Collected material:
========================================================================
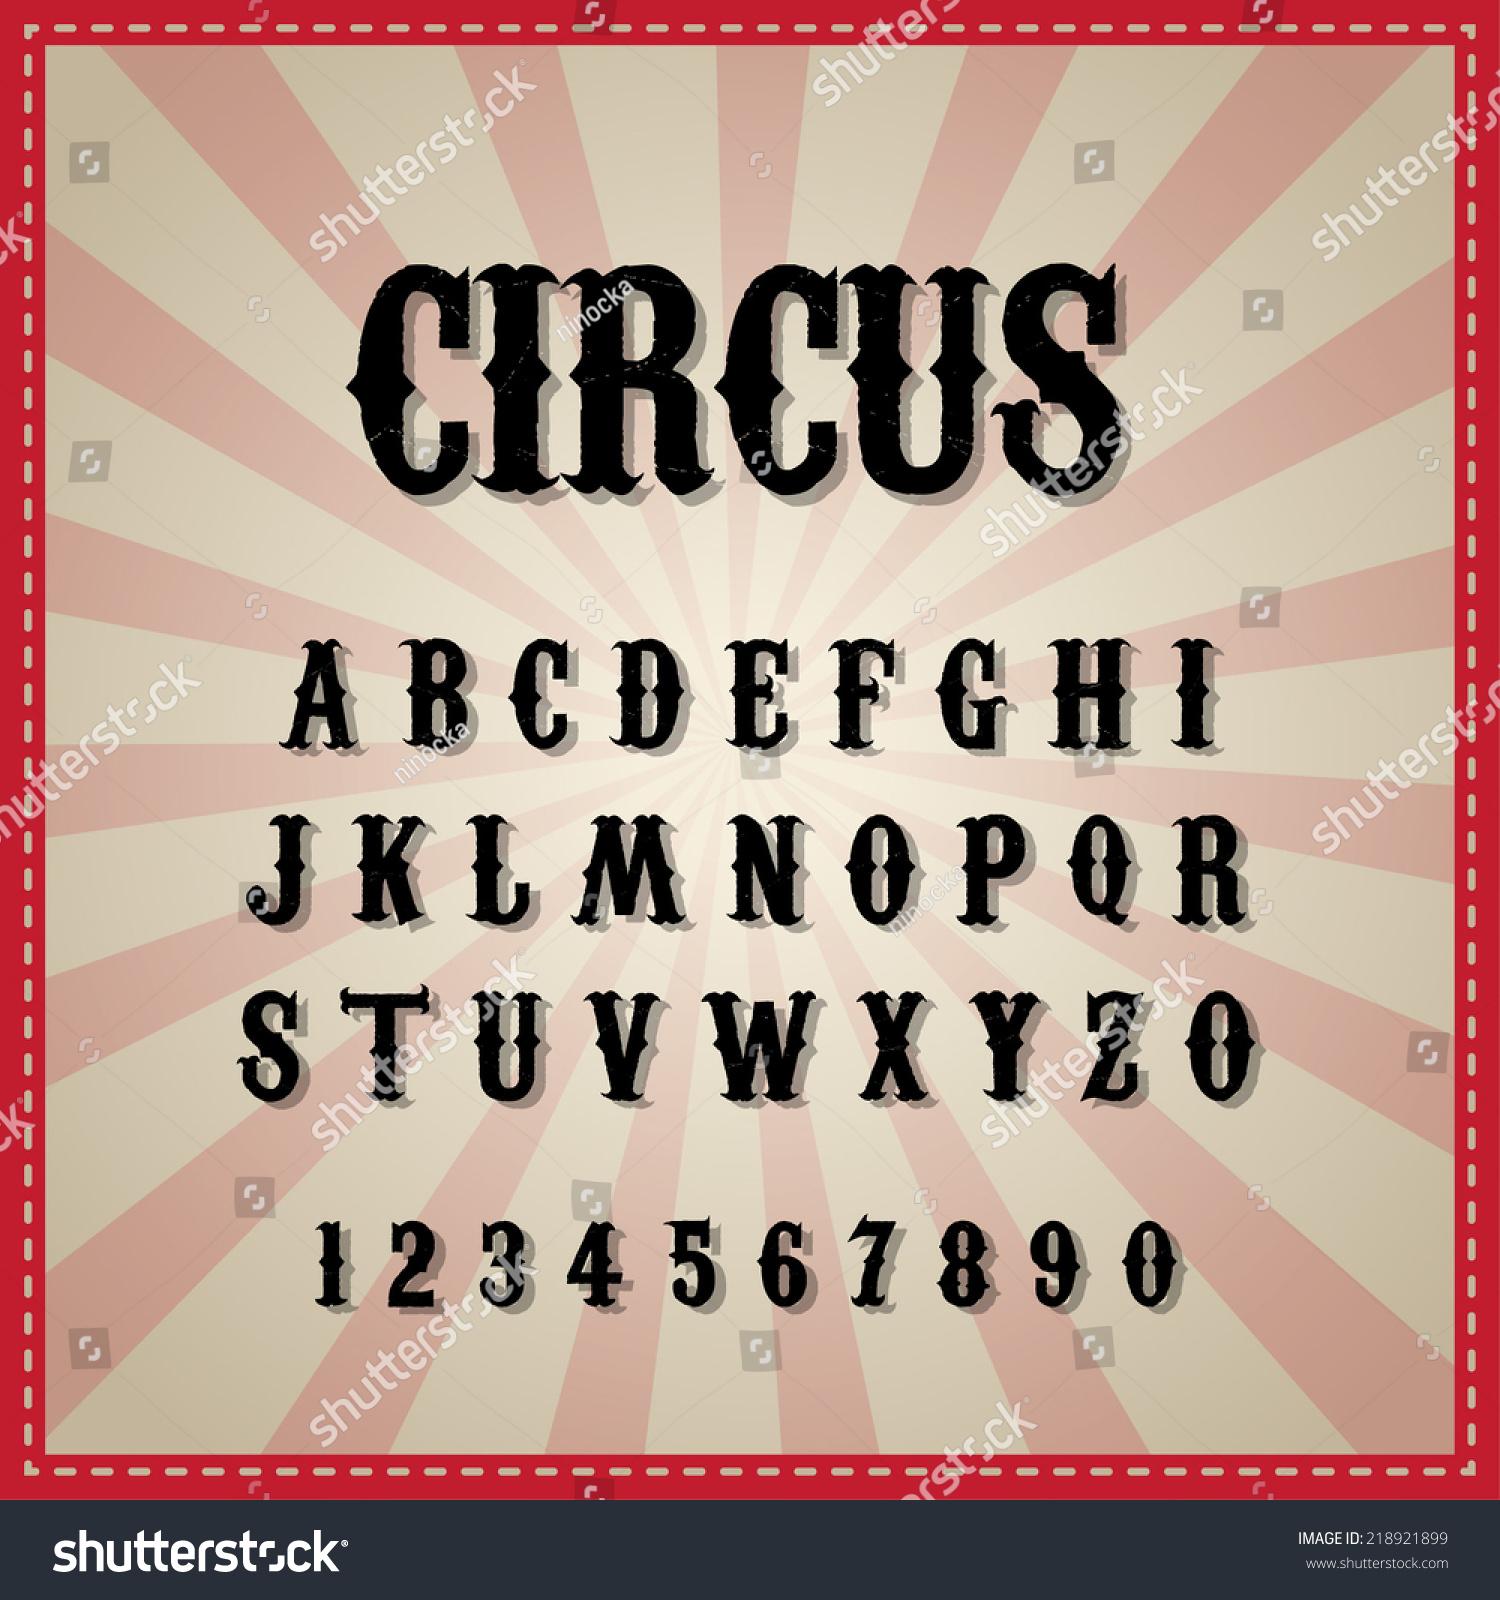 Vintage Circus Font Stock Vector 218921899 : Shutterstock
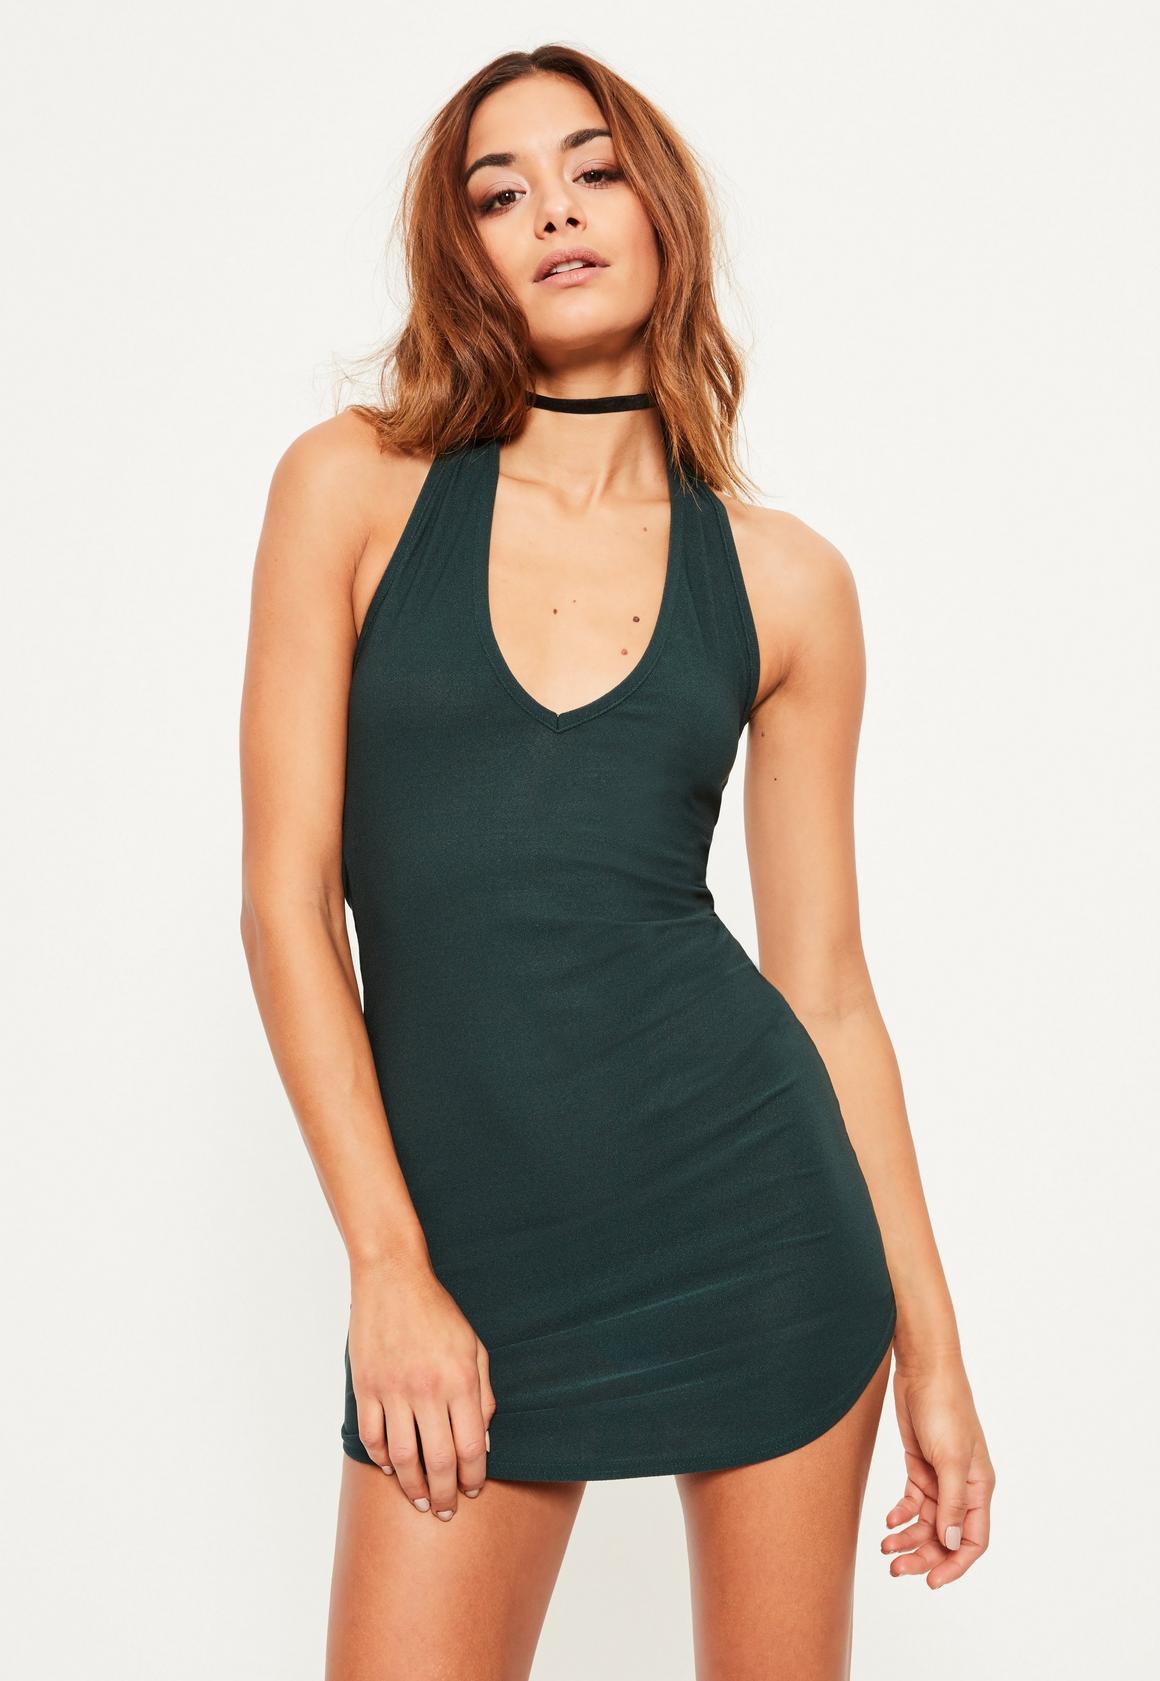 Backless Dresses, Low Back Dress - Missguided Australia
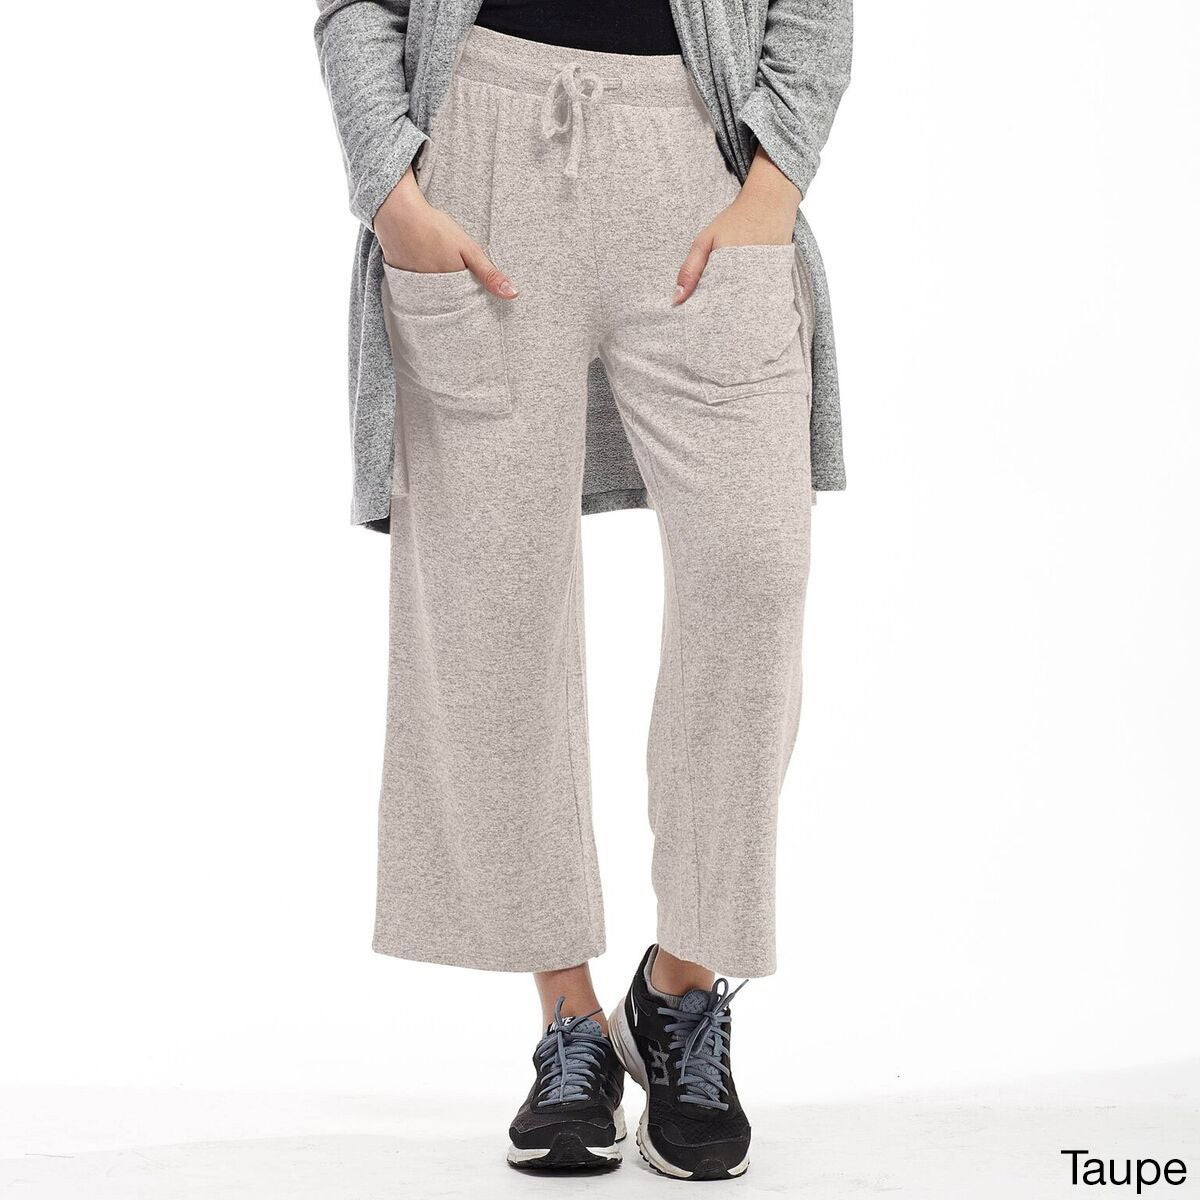 La Cera Women's Rayon/Polyester/Spandex Soft Capris (Medi...
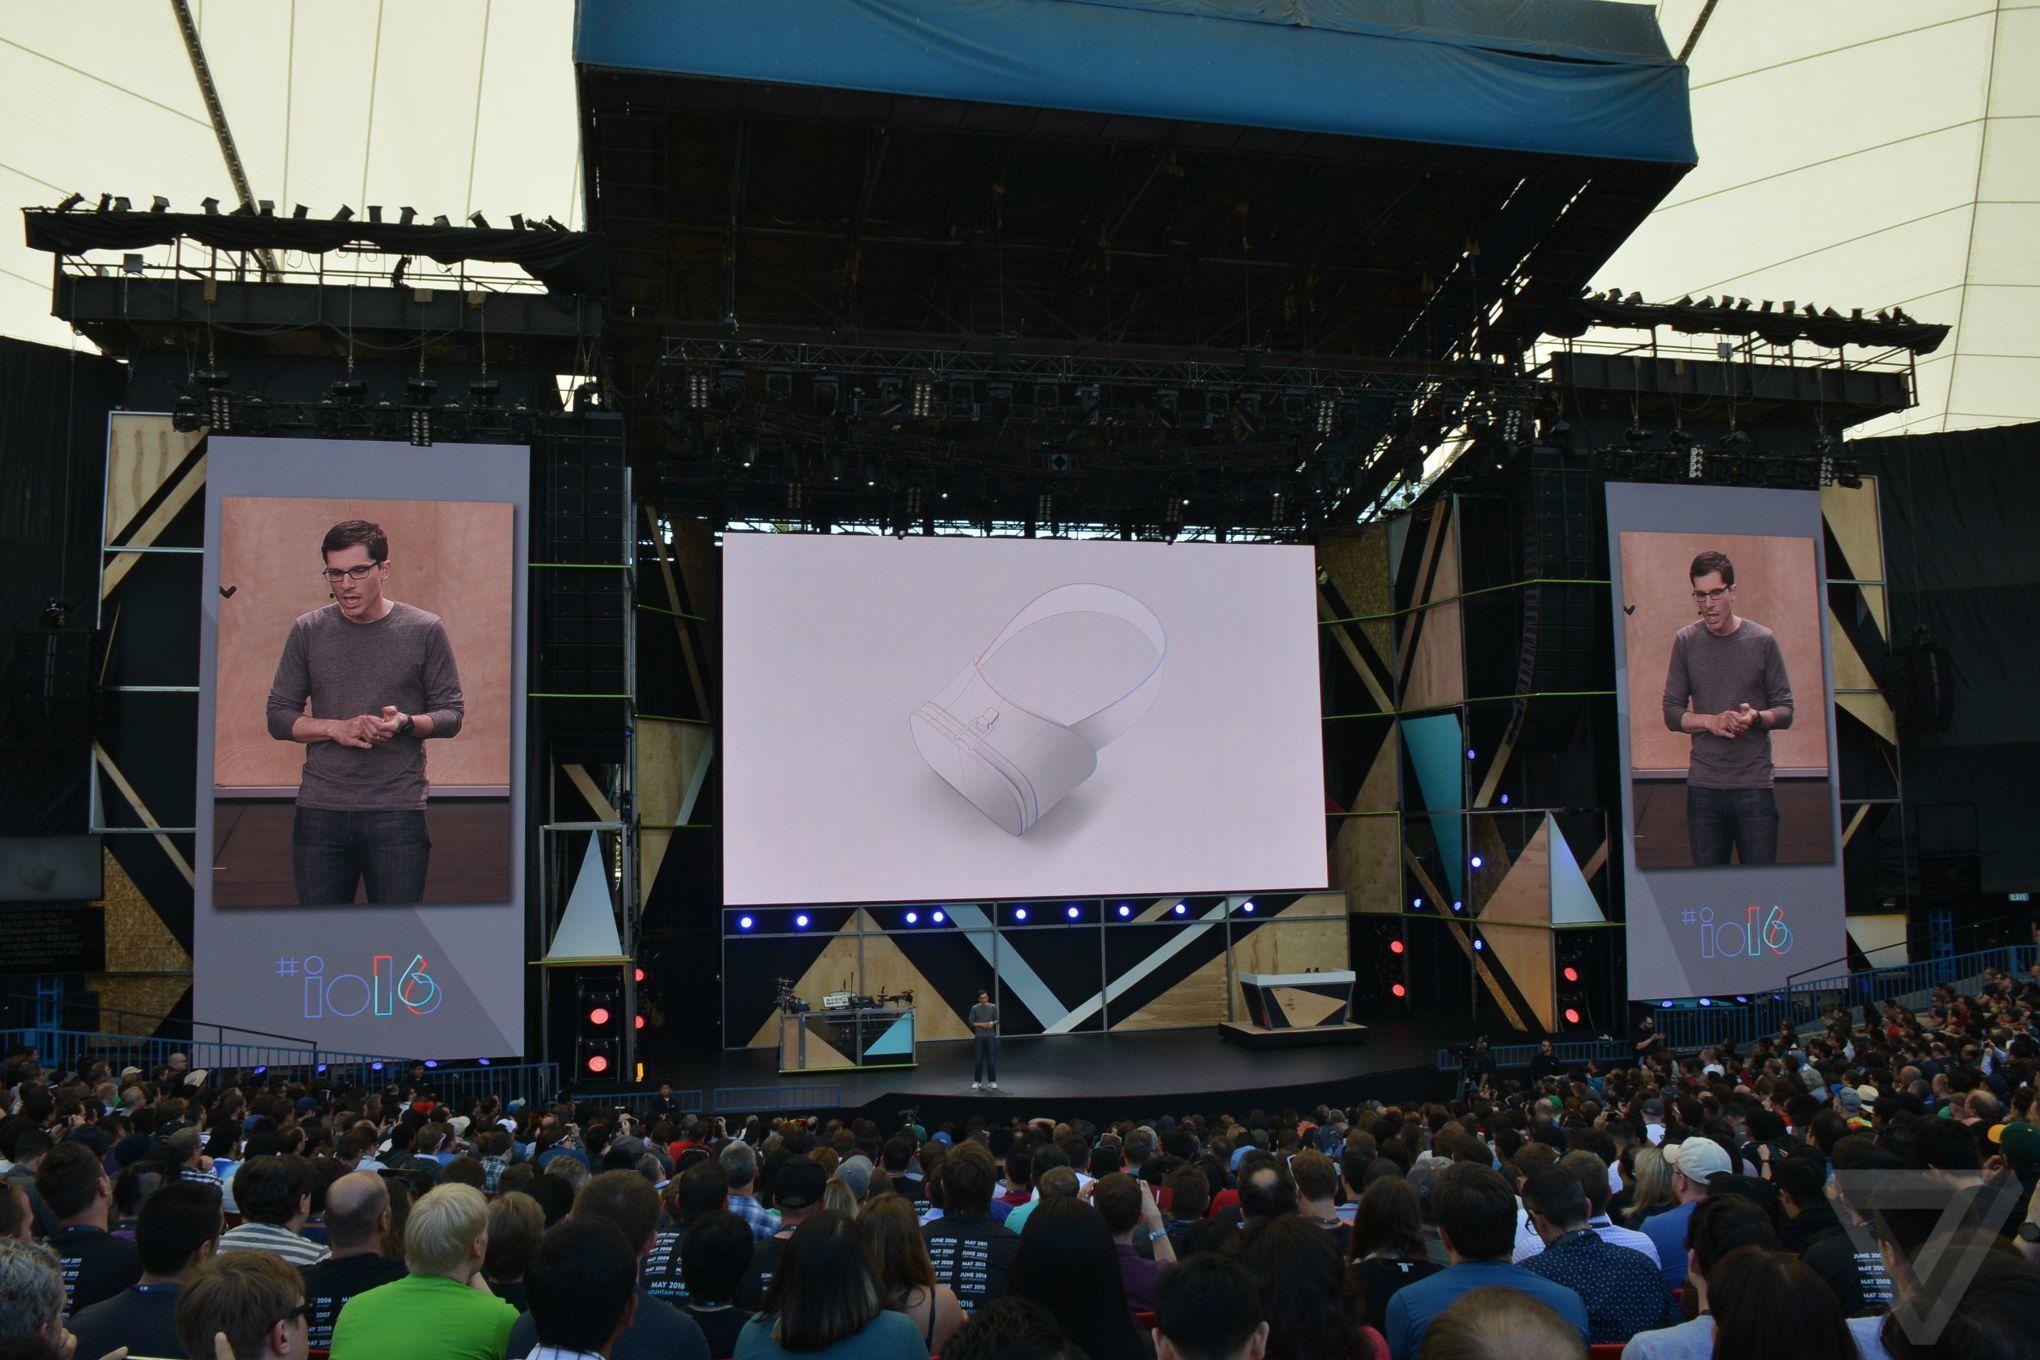 Daydream at Google I/O 2016 announcement photos
========================================================================
Your objective:
Every line of the material must be repeated exactly; pictures stay out.

Solution to the problem:
 Vintage Circus Font Stock Vector 218921899 : Shutterstock
 Backless Dresses, Low Back Dress - Missguided Australia
 La Cera Women's Rayon/Polyester/Spandex Soft Capris (Medi...
 Daydream at Google I/O 2016 announcement photos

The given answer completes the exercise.